Exercise instructions —
Without including any pictures, write out the data below exactly.

Input data —
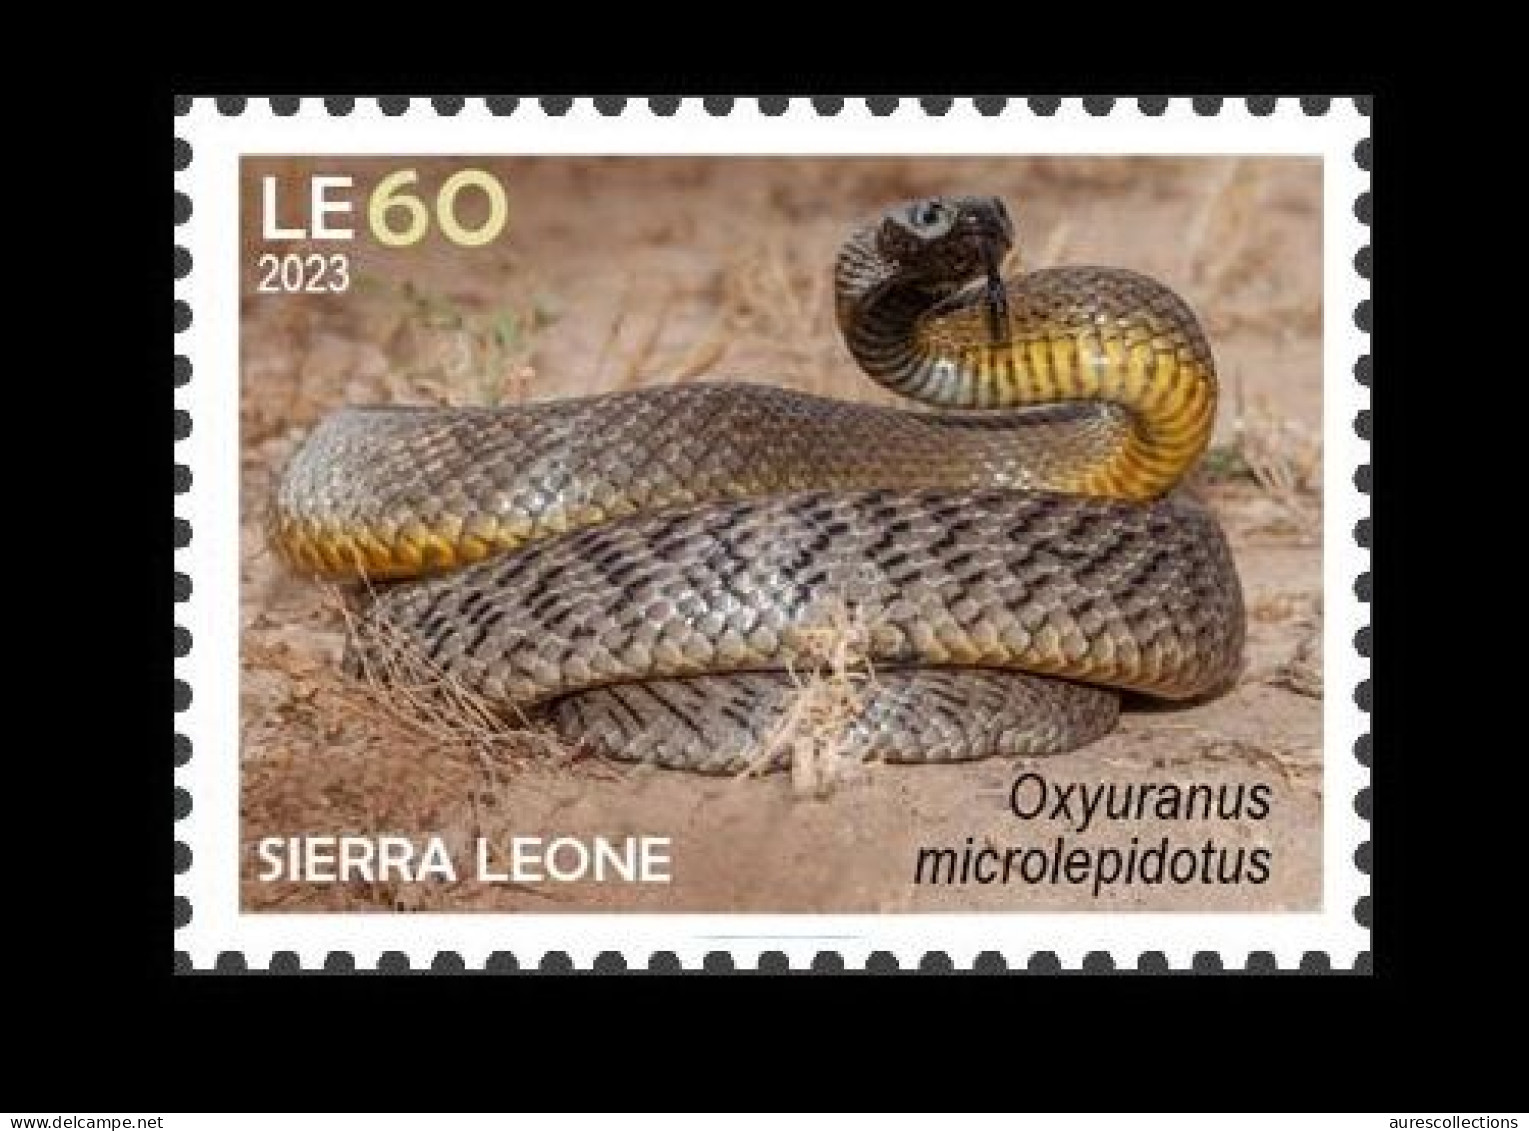 SIERRA LEONE 2023 STAMP 1V - POISONOUS TOXIC VENOMOUS - SNAKE SNAKES SERPENT SERPENTS REPTILES REPTILE - MNH - Serpents
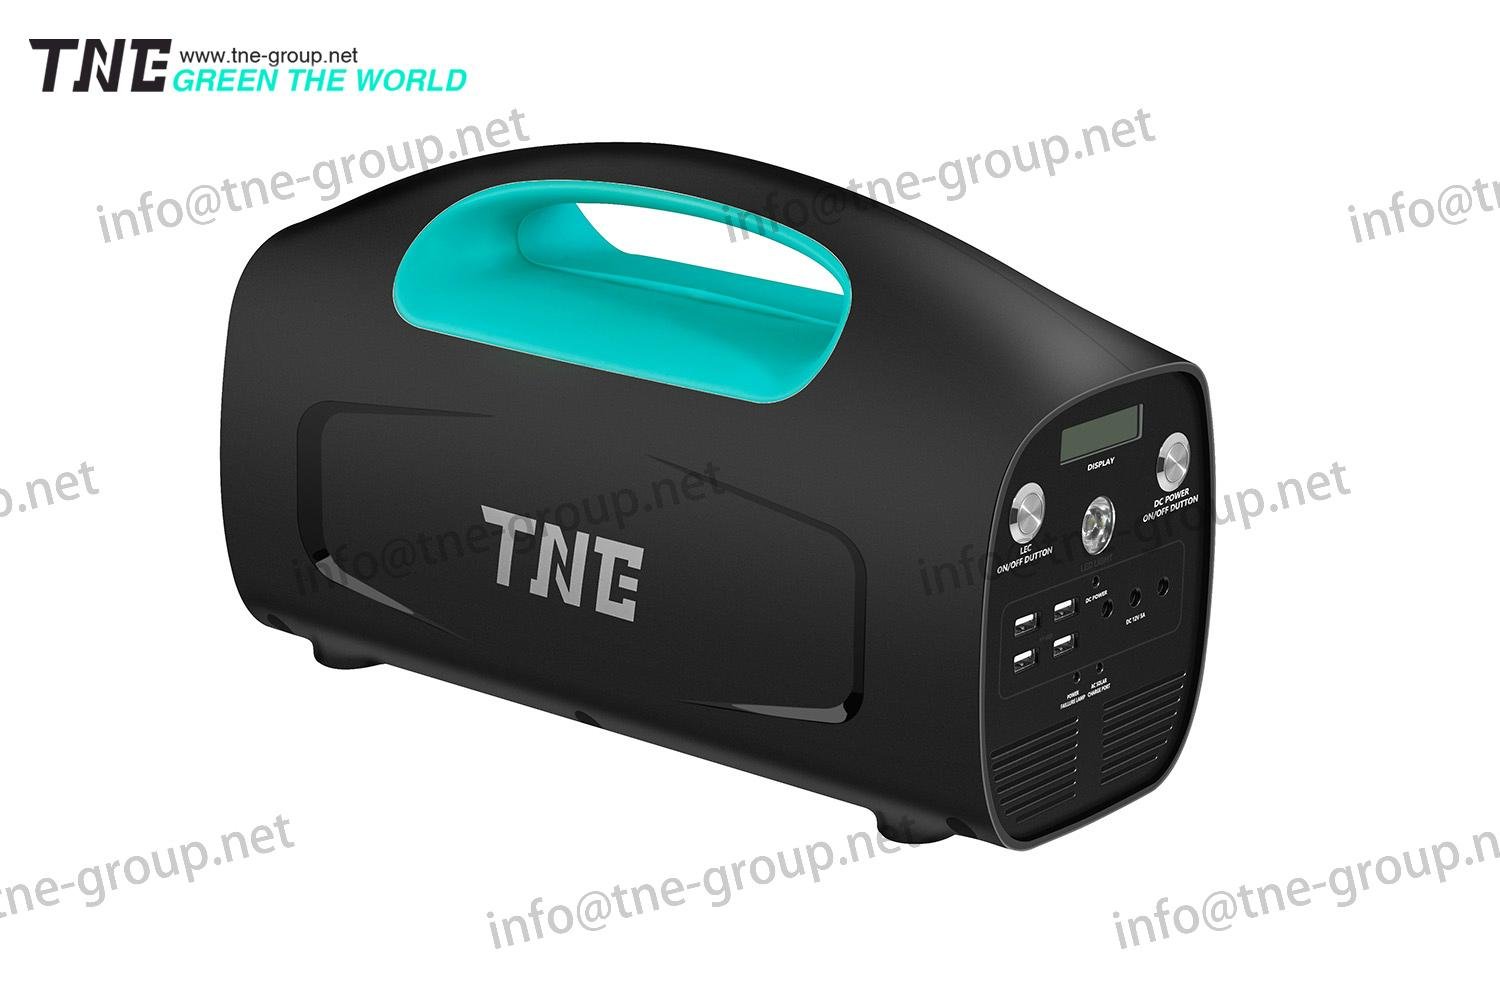 TNE solar online homage ups portable generator power bank 2
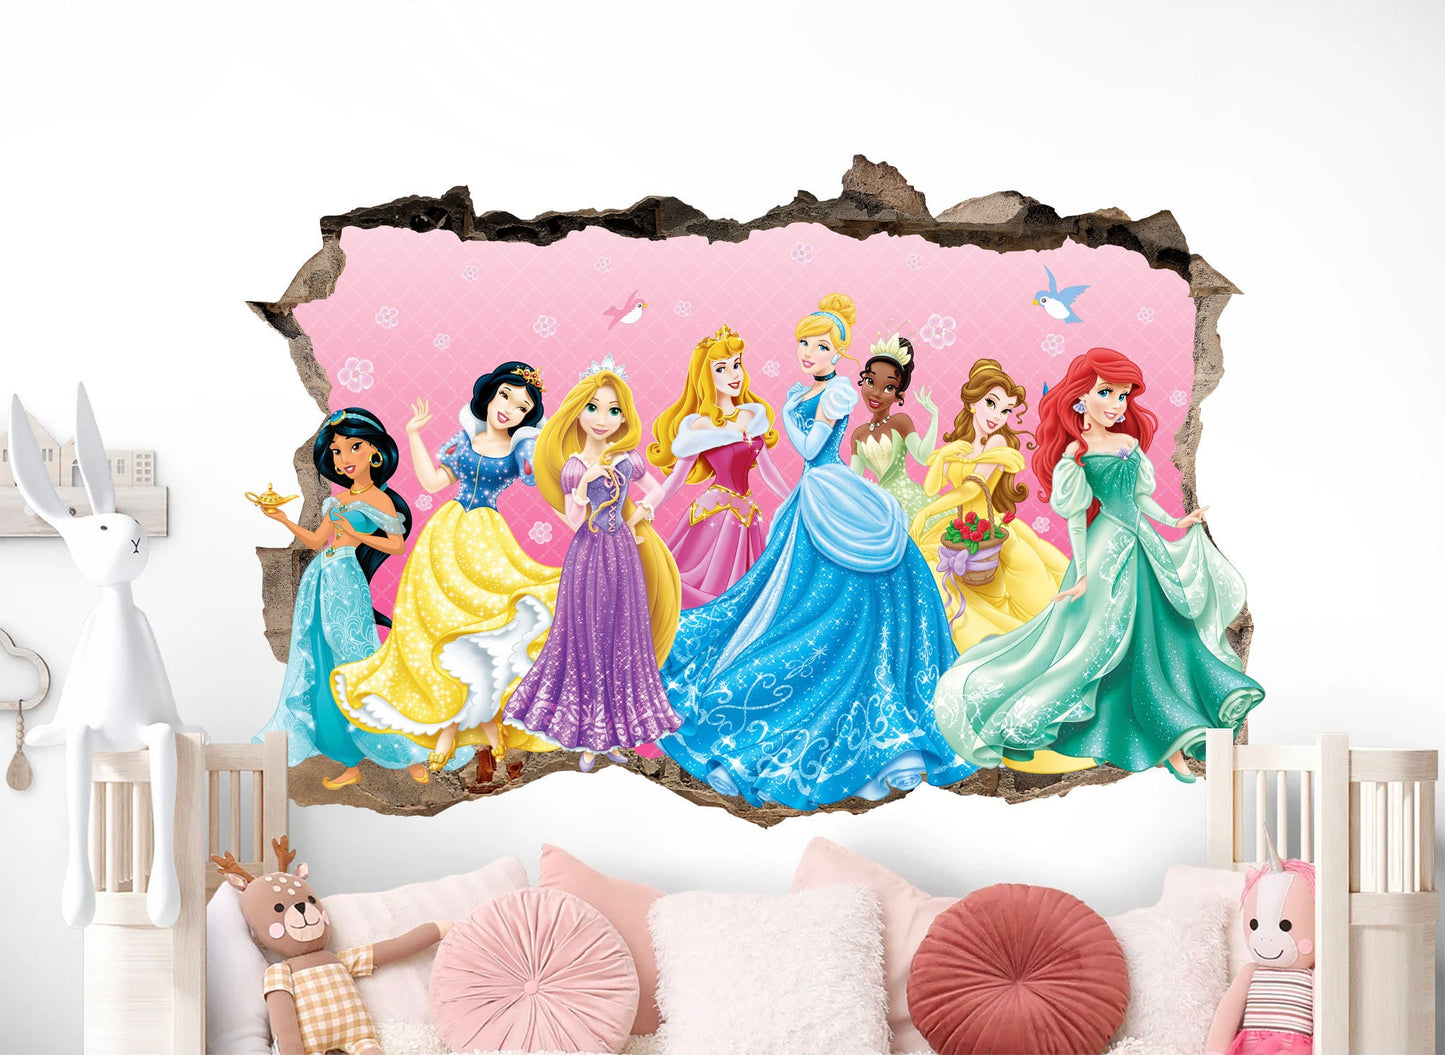 Enchanted Princesses: 3D Wall Decal with Beautiful Broken Wall Backdrop - BR339
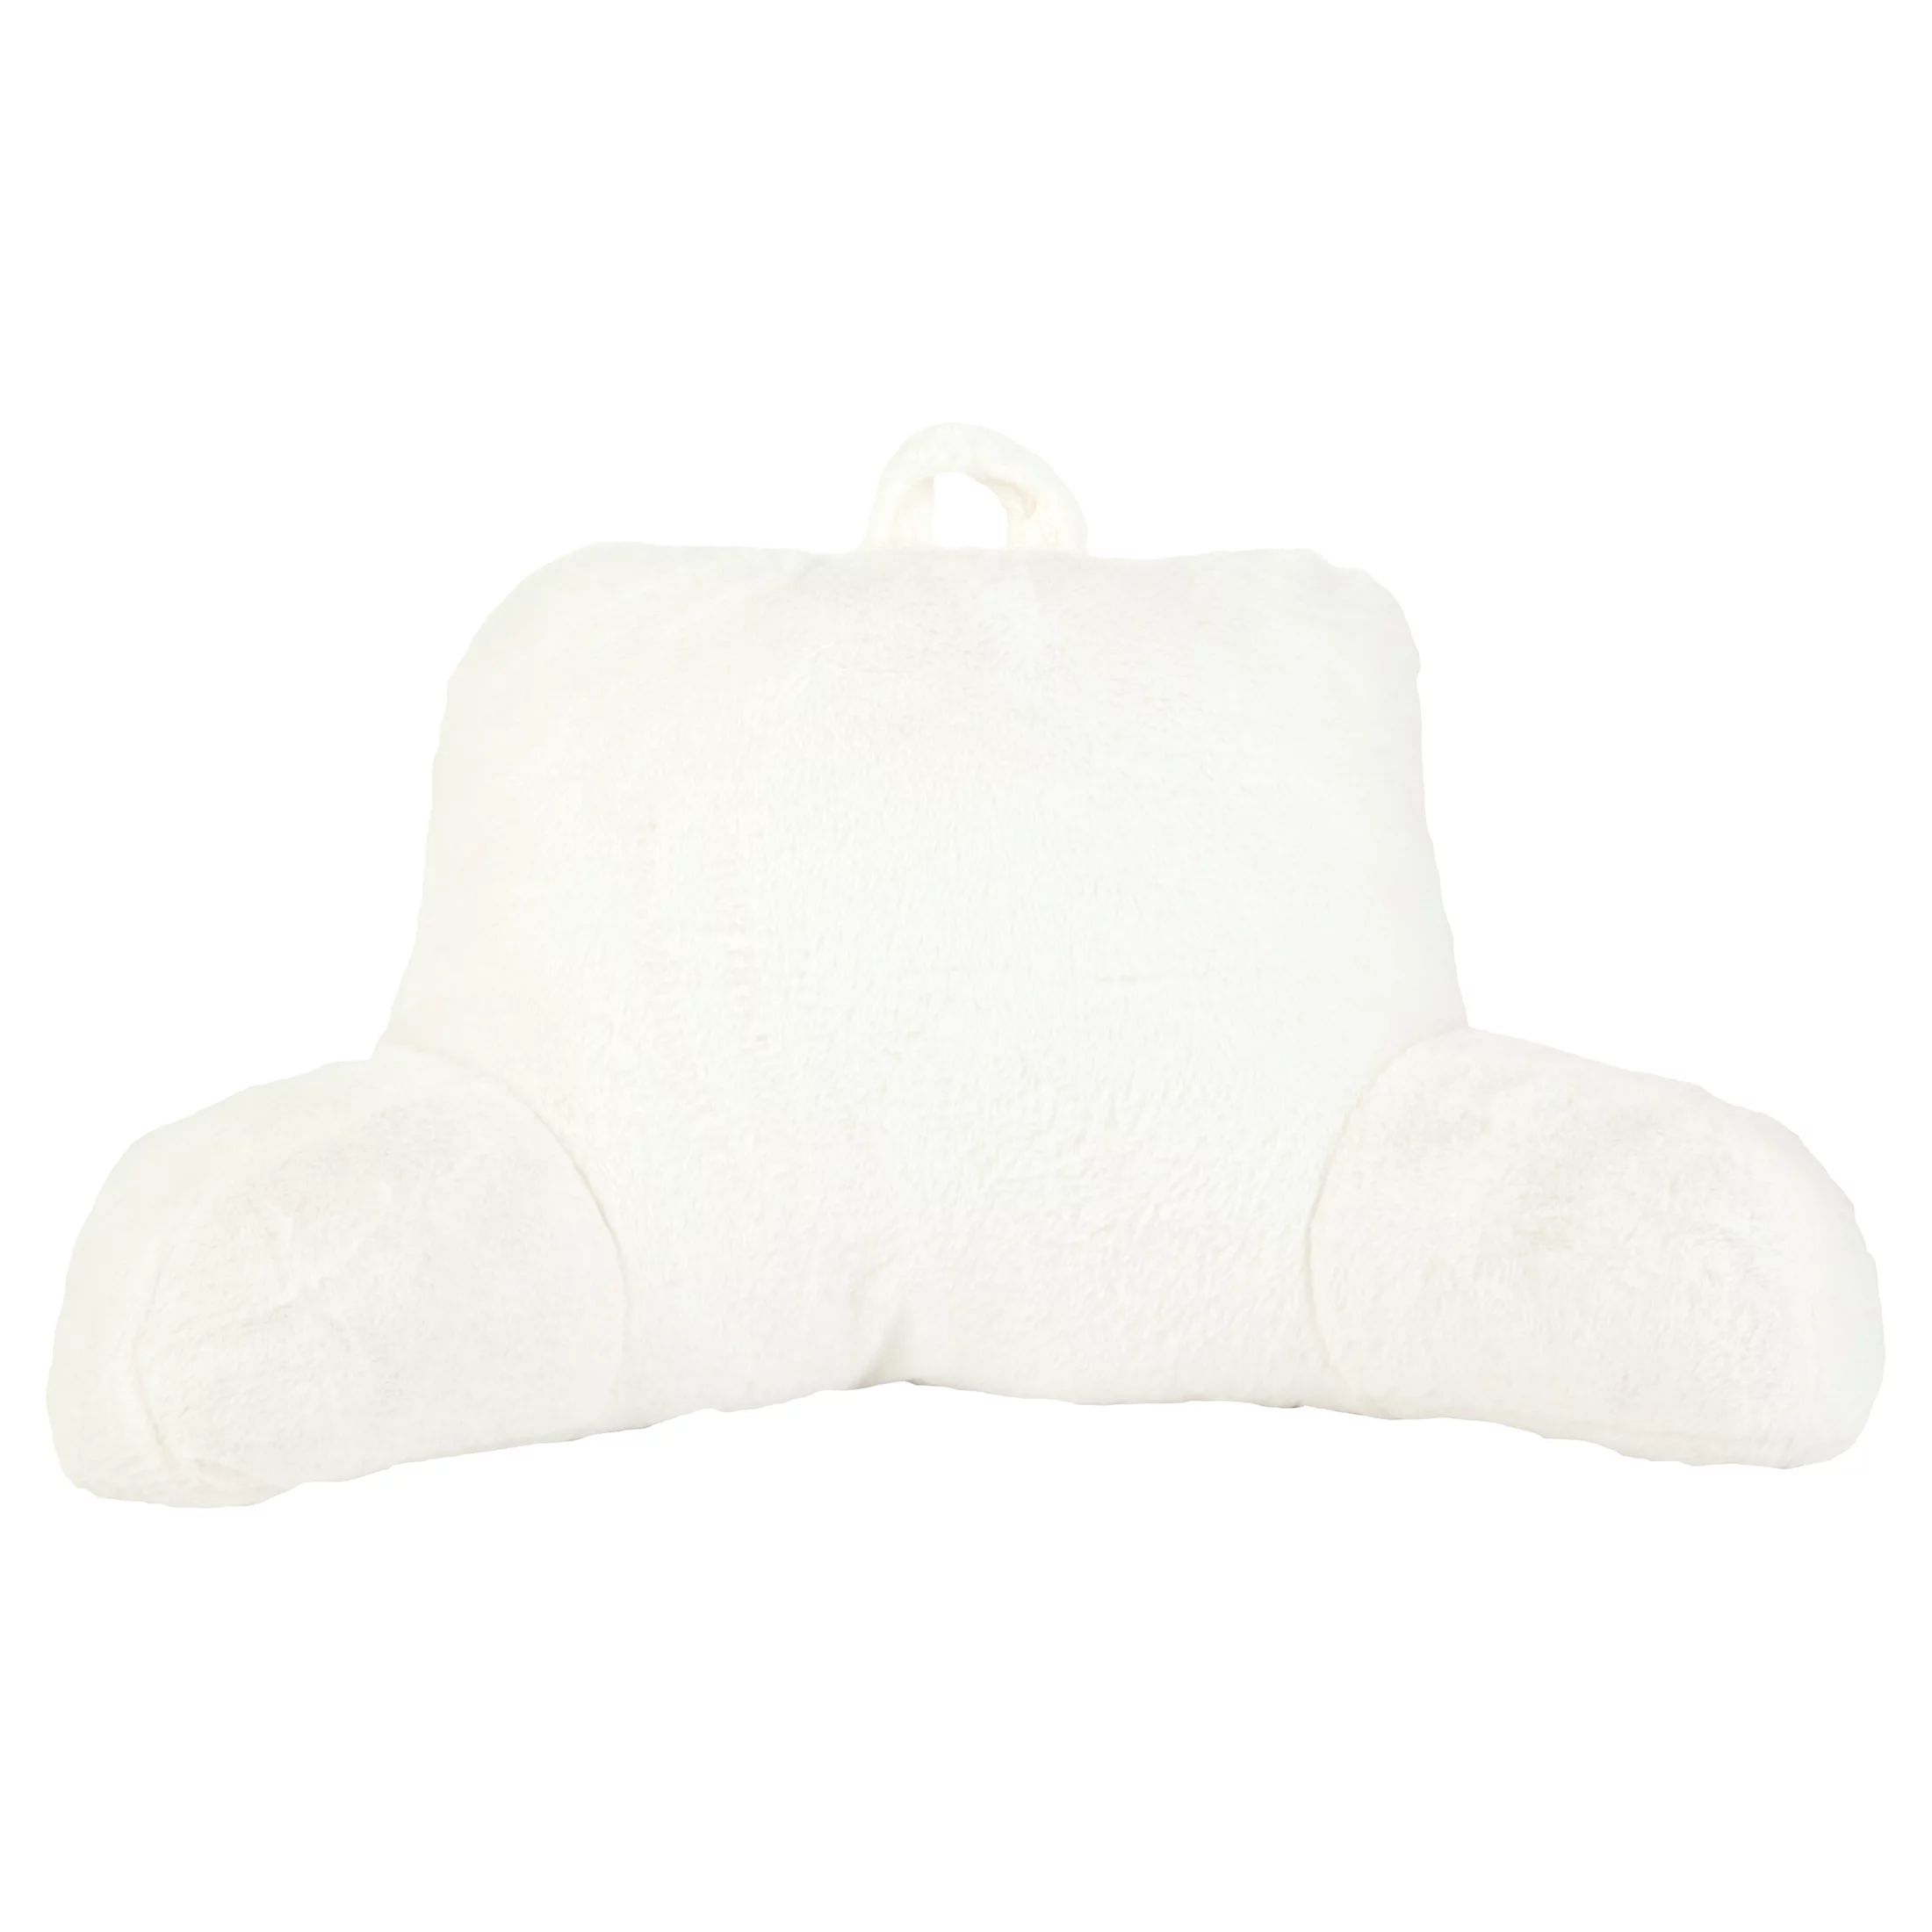 Mainstays Faux Fur Plush Bedrest Pillow, Specialty Size, Ivory, 1 Piece | Walmart (US)

Solved problem —
 SIERRA LEONE 2023 STAMP 1V - POISONOUS TOXIC VENOMOUS - SNAKE SNAKES SERPENT SERPENTS REPTILES REPTILE - MNH - Serpents
 TNE solar online homage ups portable generator power bank 2
 Enchanted Princesses: 3D Wall Decal with Beautiful Broken Wall Backdrop - BR339
 Mainstays Faux Fur Plush Bedrest Pillow, Specialty Size, Ivory, 1 Piece | Walmart (US)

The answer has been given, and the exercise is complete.